I first learned of Fosco Maraini's travels to Tibet (though he was denied official permission to enter Lhasa), from his daughter, Dacia, at a literary evening. Though I realize I am reading this book nearly six decades after it first came to print, it is as fresh and alive for me today as it would have been then. Fosco Maraini is a masterful writer who can capture the most delicate nuance as commonplace, so everyone can see it. The writing is breathtakingly beautiful.


I will give a small example here, towards the end of the book. It is his last evening at Gangtok, the southernmost gateway to Tibet just north of Sikkim, India, where their travels are coming to an end. After a day of rain, the moon appears through the clouds:


"A faint, ethereal --I should like to call it silent-- curve of light emerges imperceptibly from the dark abysses of the forest and stretches across the sky to fade equally imperceptibly into the patches of light reflected from the roofs above the temple and the palace, where Pema Choki lies asleep with her black hair on a white pillow. It is only the ghost, the memory of a rainbow, the faintest suggestion of pink and blue tones, to be guessed at rather than seen, suspended between one nothing and another in the darkness of the night."

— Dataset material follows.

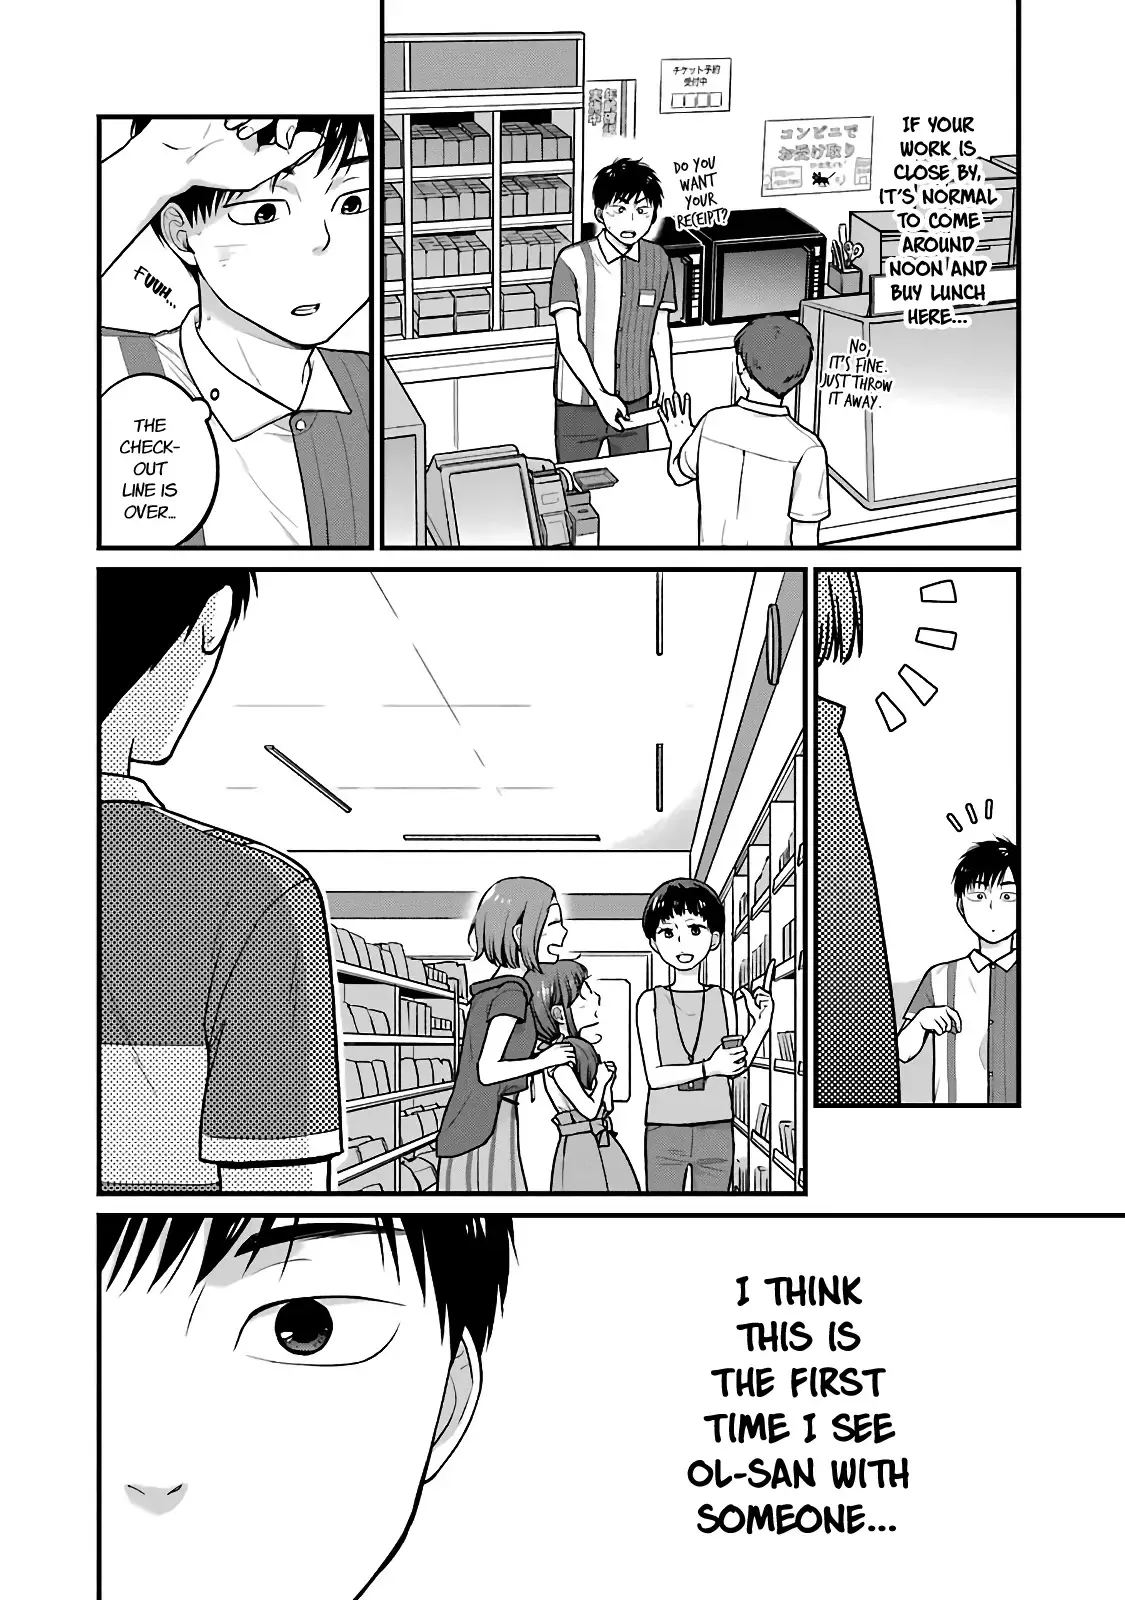 5 Minutes With You At A Convenience Store - 34 page 7
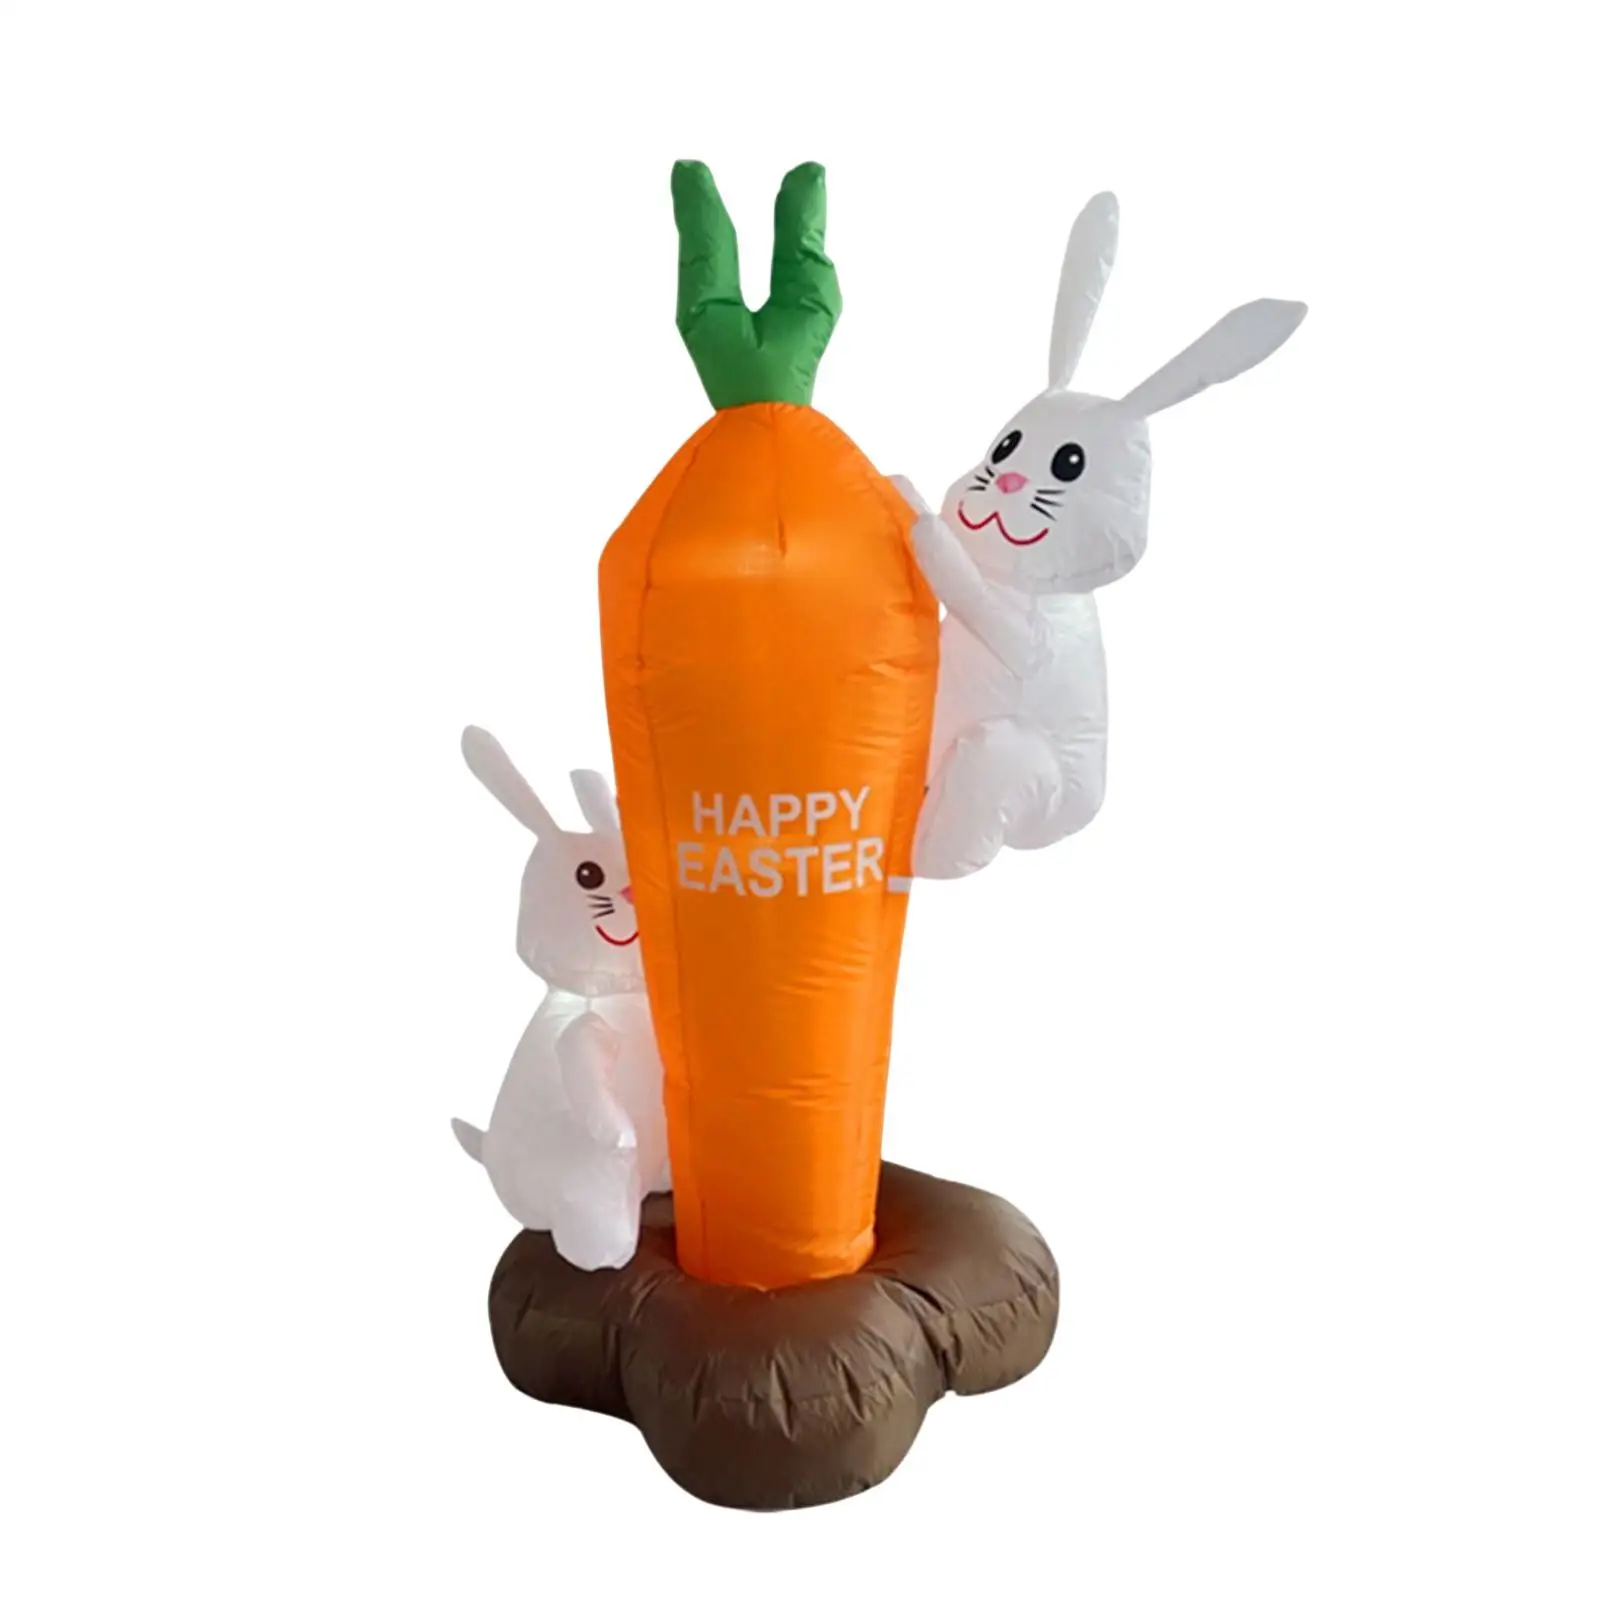 5.9ft Easter Inflatable Bunny Climbing Carrot Built in LEDs Light up Decoration for Porch Patio Lawn Indoor Outdoor Garden

This is poetry. Such sublime imagery is throughout the near three hundred pages (hardback), which makes it an absolute delight to read. One learns that Fosco was rather fond of Princess Pema, her picture is in the book too, and that their spirited talks and laughter bordered on flirtation. But she was a princes respected, intelligent, and certainly lovely. His friendship was genuine. But he also as an anthropologist and photographer, and masterful writer, displays the subtleties of material and spiritual Tibet, which he brings to the forefront with finely composed imagery that enlighten us almost as if being there. His many personages he writes about become real for the reader, the tall well formed Tibetans from their vast valleys, the eccentric artists or officials or recluses, village friends and their yak butter tea, sacred ceremonies and dance, quiet little Nepalis busy as industrious bees, the mysterious Hindus, and proud almost arrogant Moslems, all contrast with the stiffly dressed administrative, rational Europeans carrying on business of state. But that condition was about to change, as India broke away from the British Empire, and China was barreling headlong (unbeknown to Maraini then) towards Communism... which in the end extinguished a whole way of life, a Tibet of Feudalism and monasteries, of free nomads and monks and lamas, that may never be again. In that, this book is a valuable 'archeological' treasure of a people and a culture that lasted over a thousand years, and now except for remnants in exile, has largely vanished. Maraini captured it like a artist's black and white still-shot with all the elements of a well composed, masterful photograph that draws you in into its hidden mysteries. I feel rewarded inside, and though I had never been to Tibet (Nepal was closest) I will now scheme to get there, whether in person or in spirit, to taste that Tibet Maraini and his mentor, Prof. Giuseppe Tucci, felt in their soul. It was the end of an era, an ancient, mysterious, dramatic, sacred and profane, all too human free way of life. Secret Tibet brings it back for us.


Truly well done, Signor Maraini. It is one of the few books where upon finishing it I wanted to stand up and applaud. Bravo!